Melisa menggertakkan gigi. "Tidak bisakah kamu lebih masuk akal? Mana ada lelucon seperti membunuh orang lain! Bahkan sebelum panggilan tadi benar-benar dialihkan, aku sempat mendengar ia tertawa selayaknya penjahat. Kalau semisal dia itu pembunuh sungguhan, aku khawatir dengan tim yang kita kirim ke sana. Bagaimana kalau mereka dalam bahaya?"
Gadis berseragam biru itu meraih ponselnya. Ia mencoba menghubungi Edmund agar tidak jadi pergi ke sana. Melisa tampak cemas menekan tombol-tombol angka tersebut. Sayangnya, hanya terdengar balasan dari operator.
"Maaf, nomor yang Anda hubungi sedang sibuk atau berada dalam panggilan lain. Harap meninggalkan pesan suara setelah ...."
"Ah, mereka sibuk!" ucapnya frustrasi.
"Sudahlah, tenang saja! Mereka sibuk karena panggilannya sudah teralihkan dengan penelepon sebelumnya."
"Justru itulah yang membuatku tidak tenang!" teriak Melisa. "Coba kamu bantu aku hubungi Edmund, atau tidak kamu hubungi juga teman-temannya yang ikut. Siapa tahu mereka bawa ponsel."

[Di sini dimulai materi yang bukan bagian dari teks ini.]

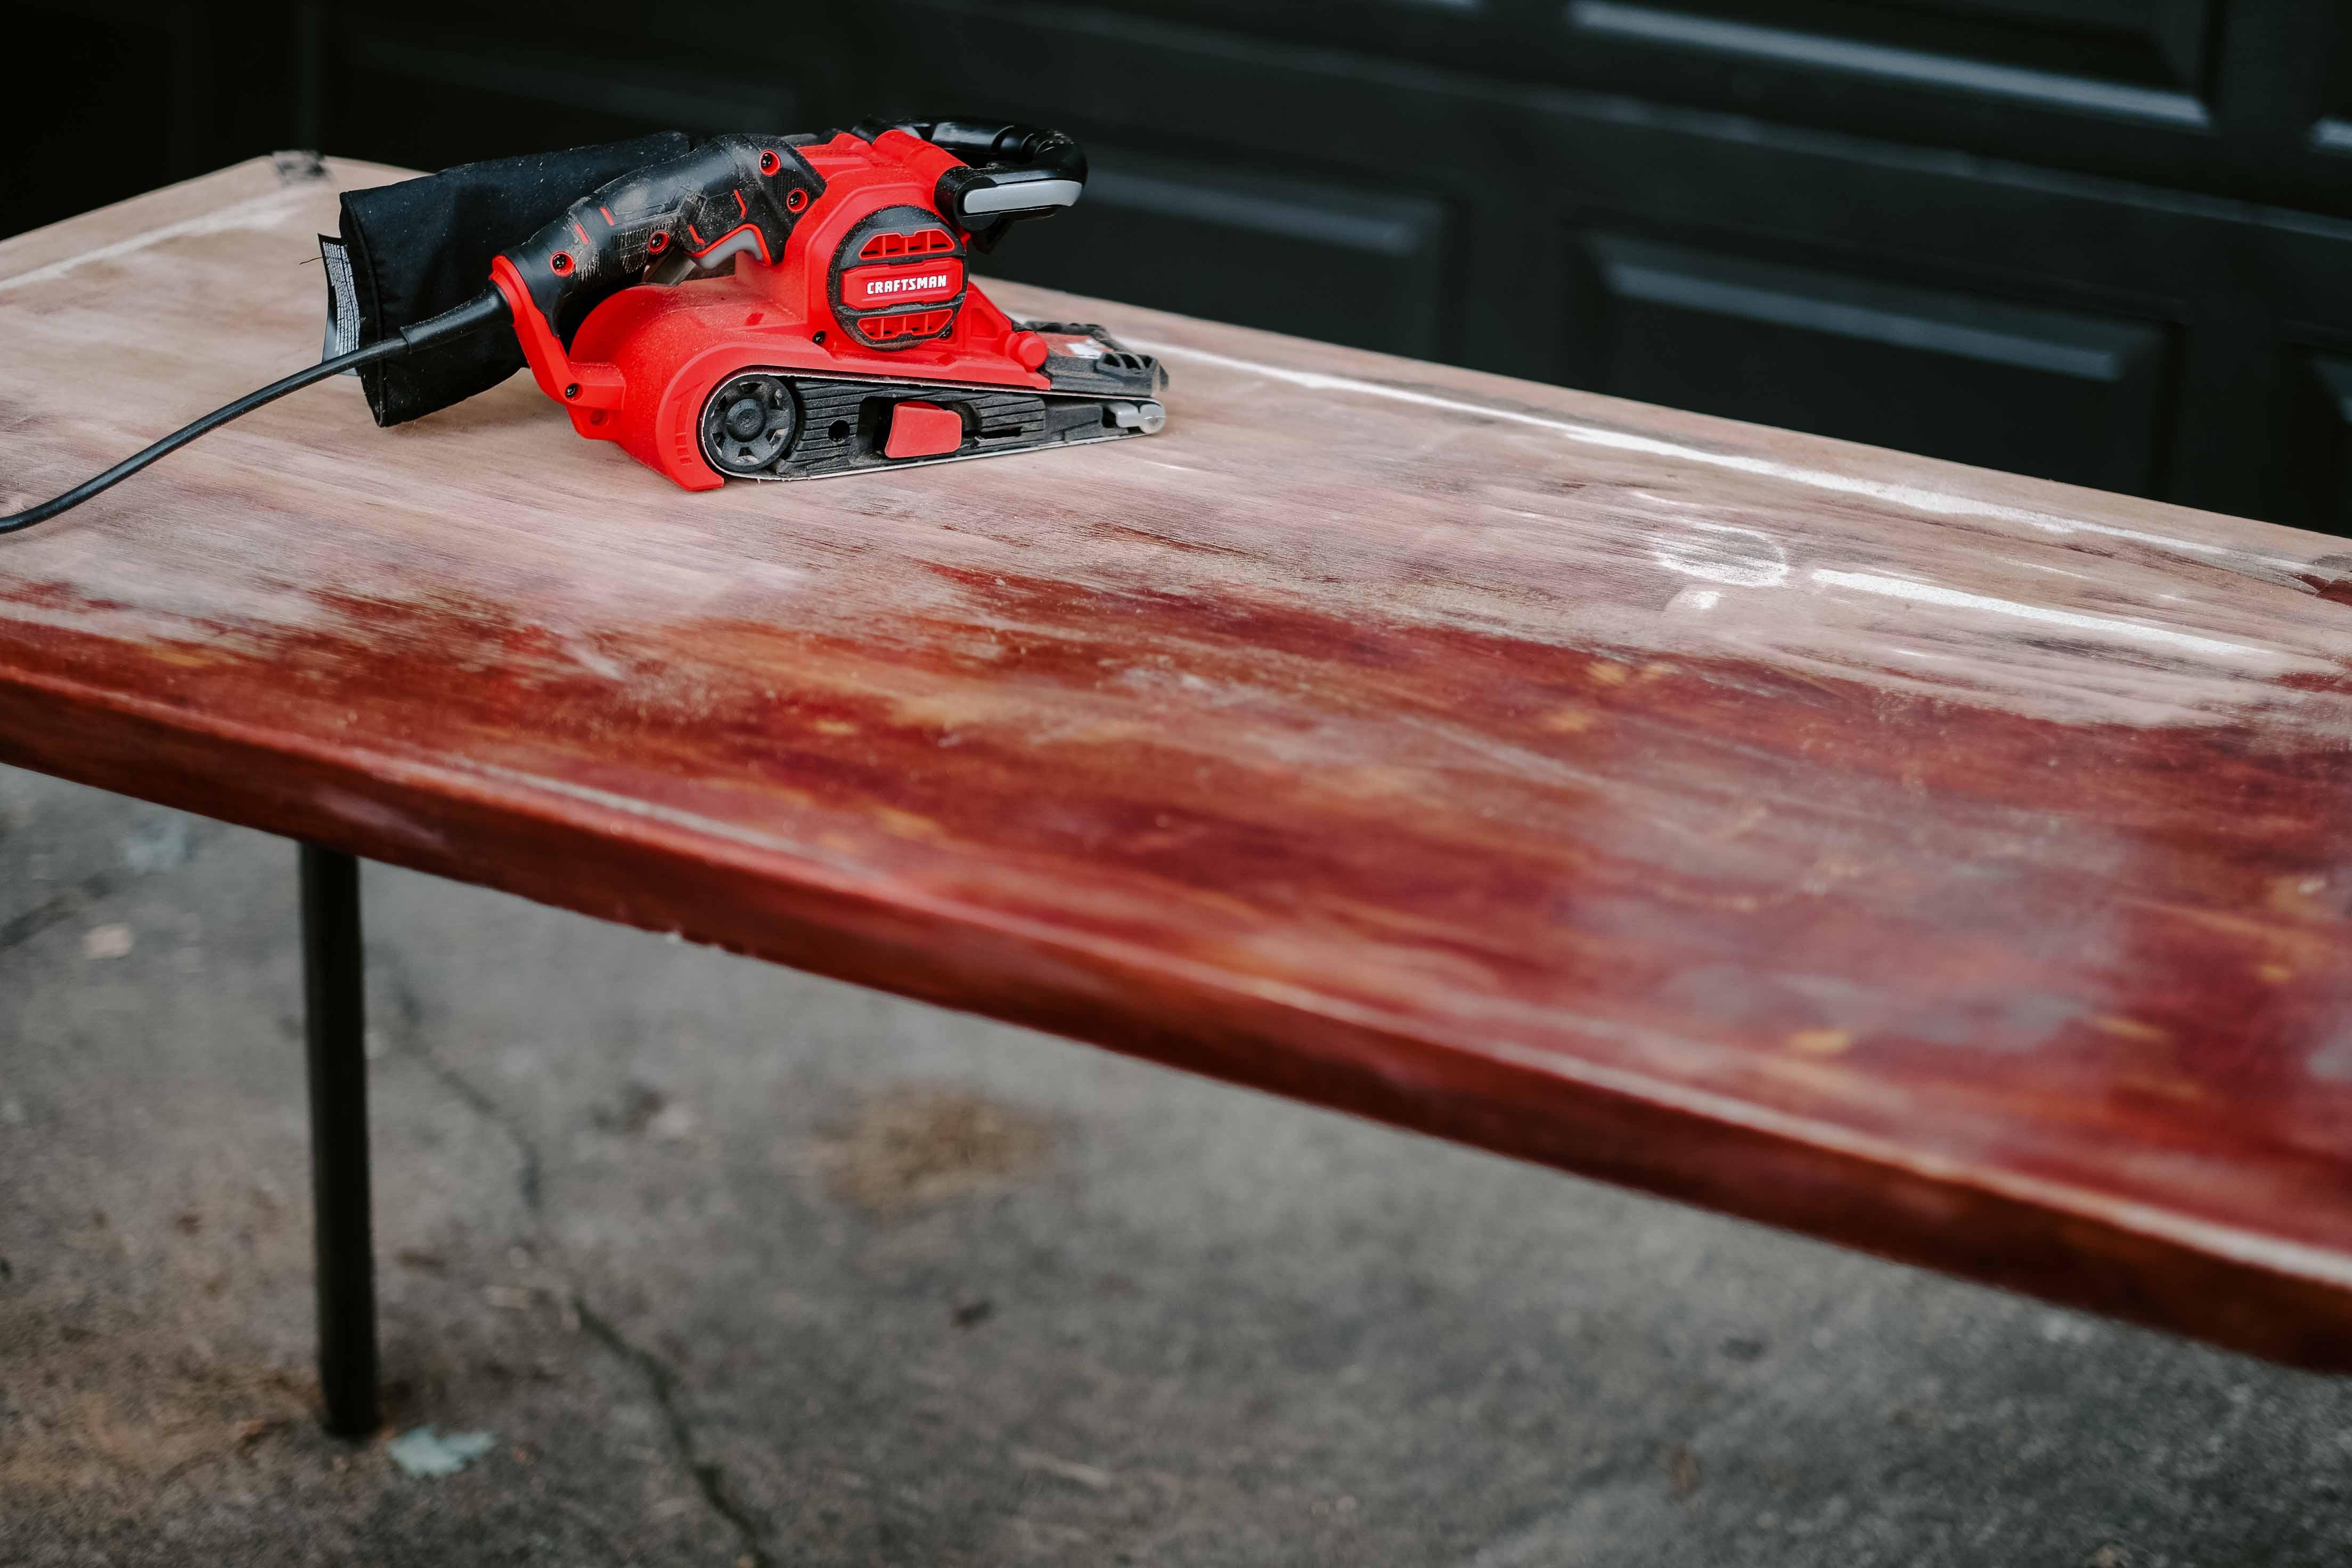 belt sander table makeover

Itu tidak mungkin. Selain ponsel yang diperlukan, aturan bekerja telah melarang petugasnya mengoperasikan ponsel pribadi karena dapat menghambat sinyal. Maka daripada mengikuti instruksi Melisa, Andrew lebih memilih mengamati riwayat panggilan di layar komputer. Matanya tampak jeli menyaring deretan nomor yang pernah mencoba terhubung dengan rumah sakit. Ia menemukan beberapa panggilan masuk dengan nomor yang sama.

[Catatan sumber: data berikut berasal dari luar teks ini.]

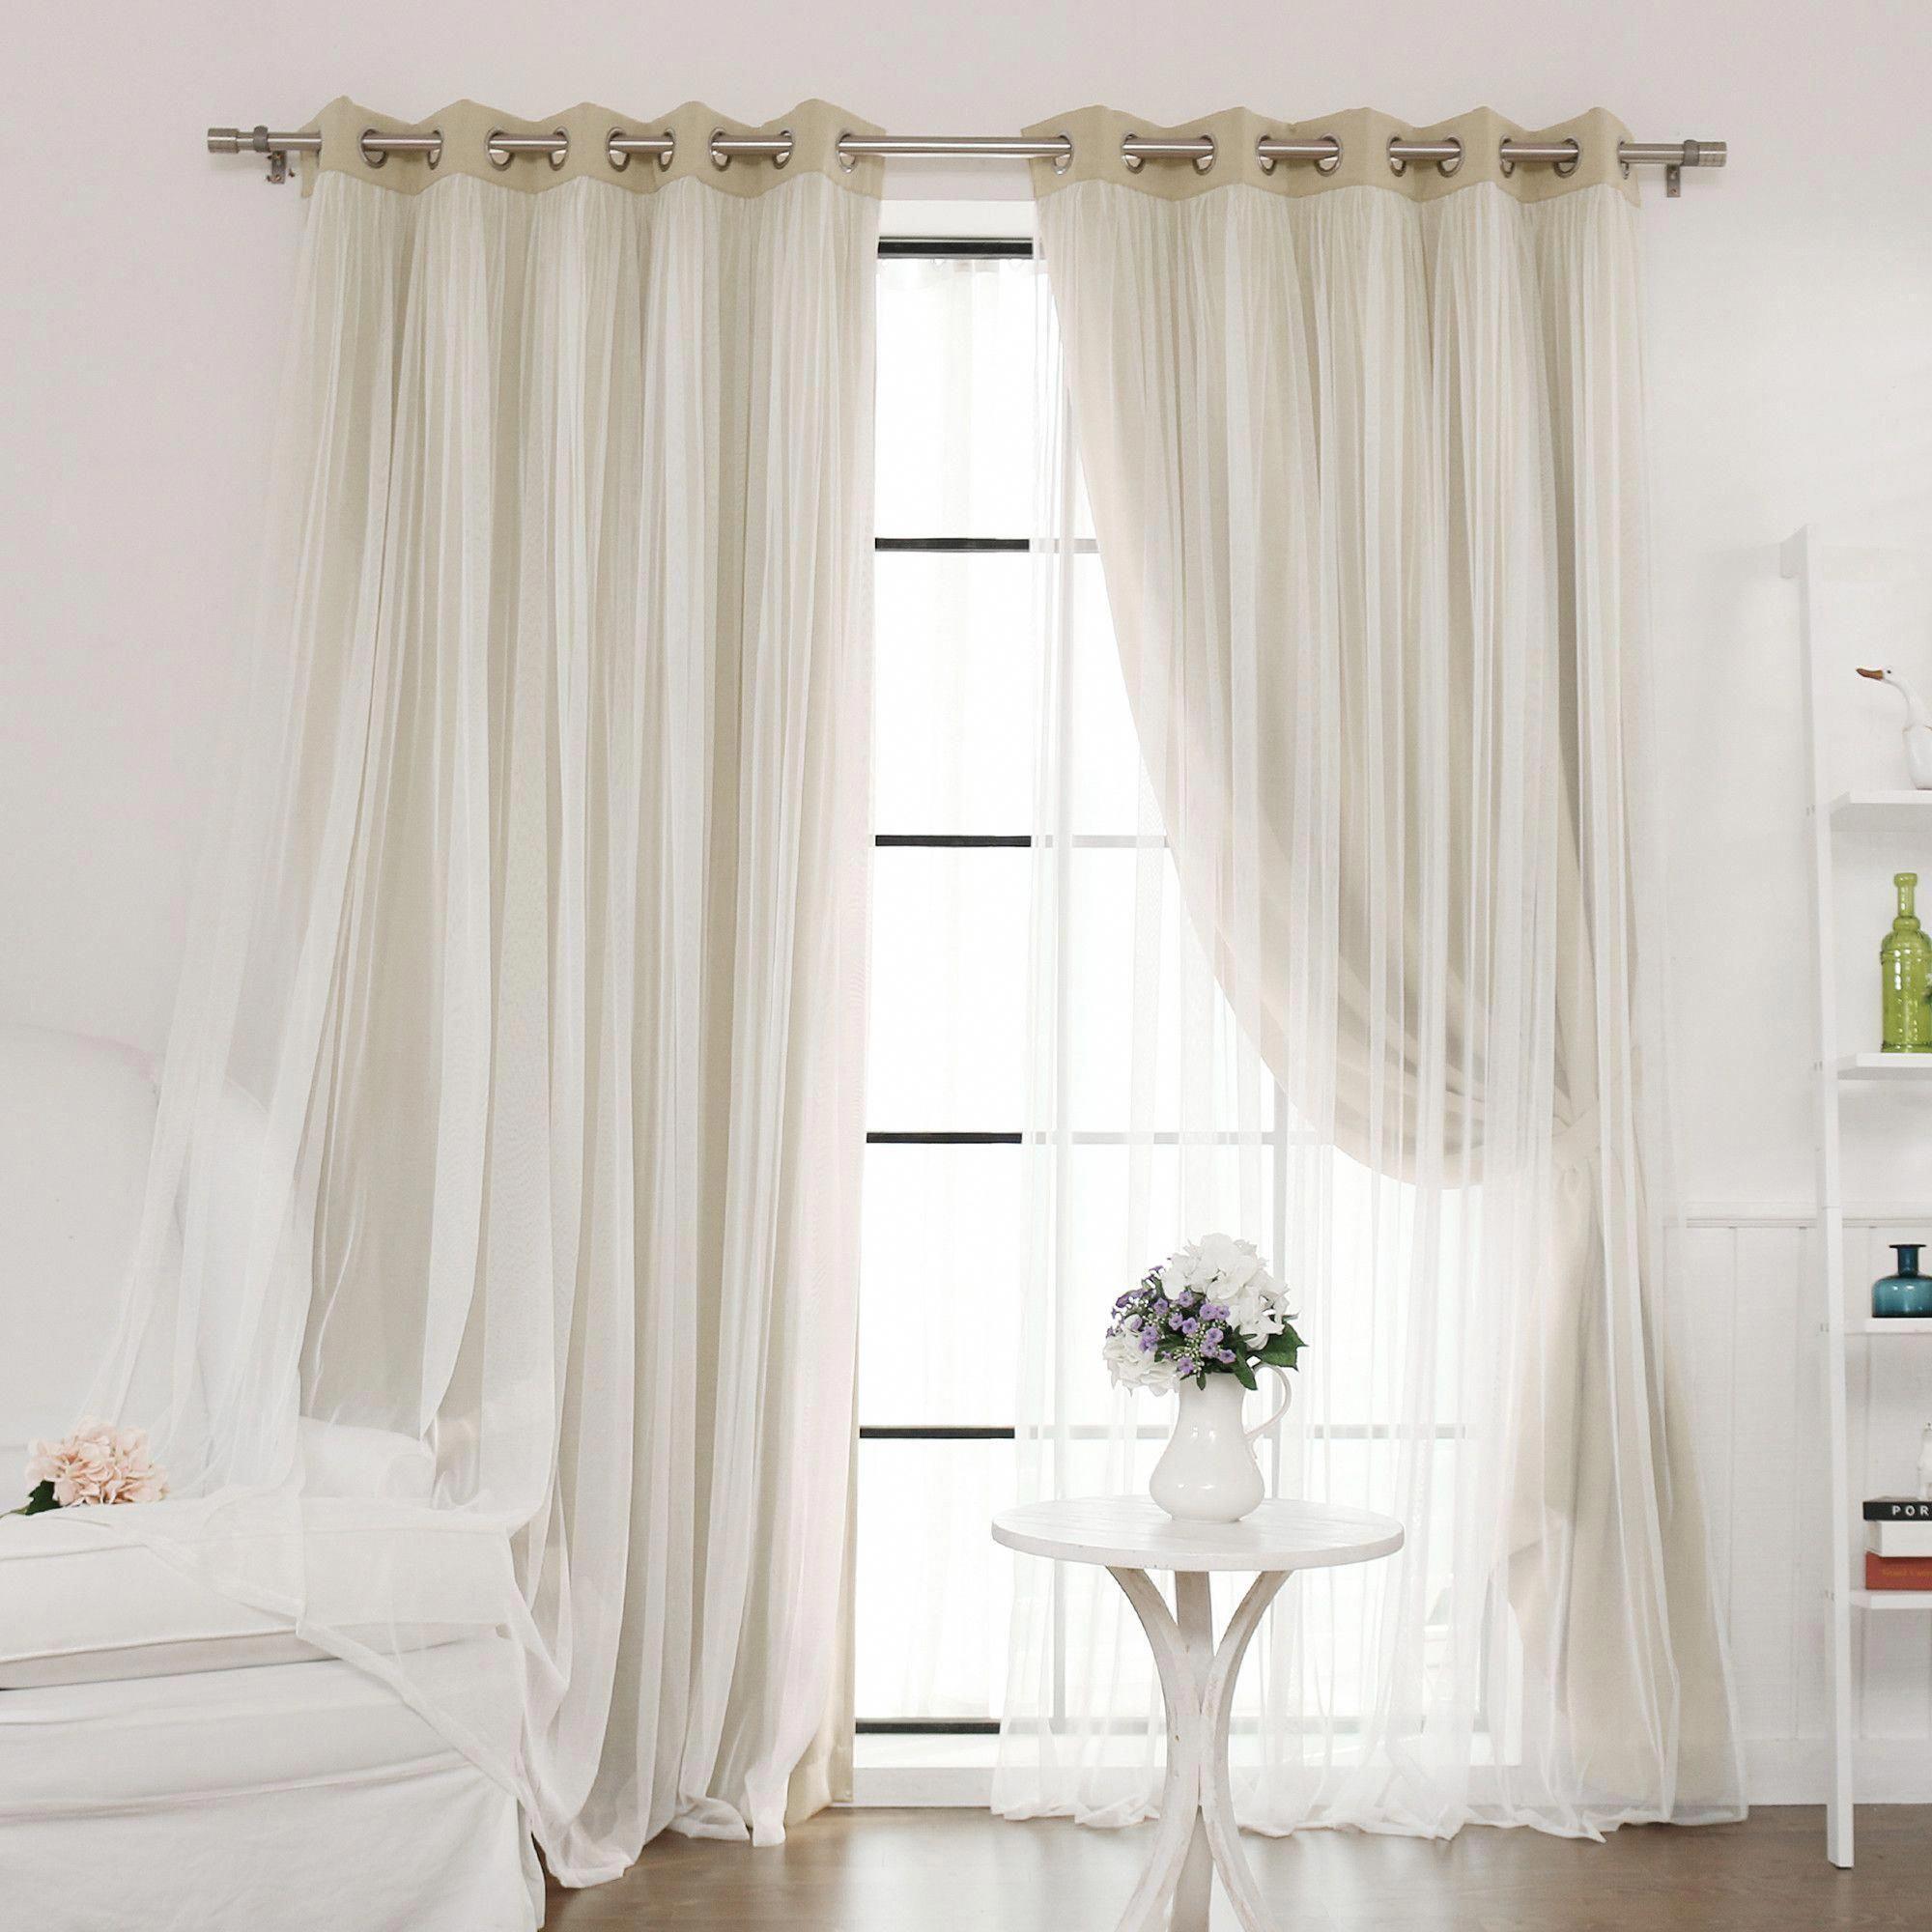 Tulle Blackout Curtains Bestblackoutcurtainsforbedroomsandlivingrooms Roomdarkeningideas Blackoutcurt Curtains Living Room Dining Room Curtains Cool Curtains

Di sebelahnya, Melisa masih berusaha menghubungi Edmund. Ia sibuk menekan tombol. Akan tetapi, tertera pemberitahuan di layar hitam yang menunjukkan bahwa baterainya habis. Tersisa satu kotak daya energi sehingga mustahil untuk melakukan panggilan.
"Astaga ...," keluhnya. "Bisa tolong kamu pinjami aku ponsel?"
Andrew lantas menoleh. "Untuk apa?"
"Tentu saja untuk menghubungi Edmund dan rekan-rekannya." Melisa menjulurkan tangan.
"Ah ...." Andrew spontan meraba saku celana samping, seolah mengamankan agar tidak diambil Melisa.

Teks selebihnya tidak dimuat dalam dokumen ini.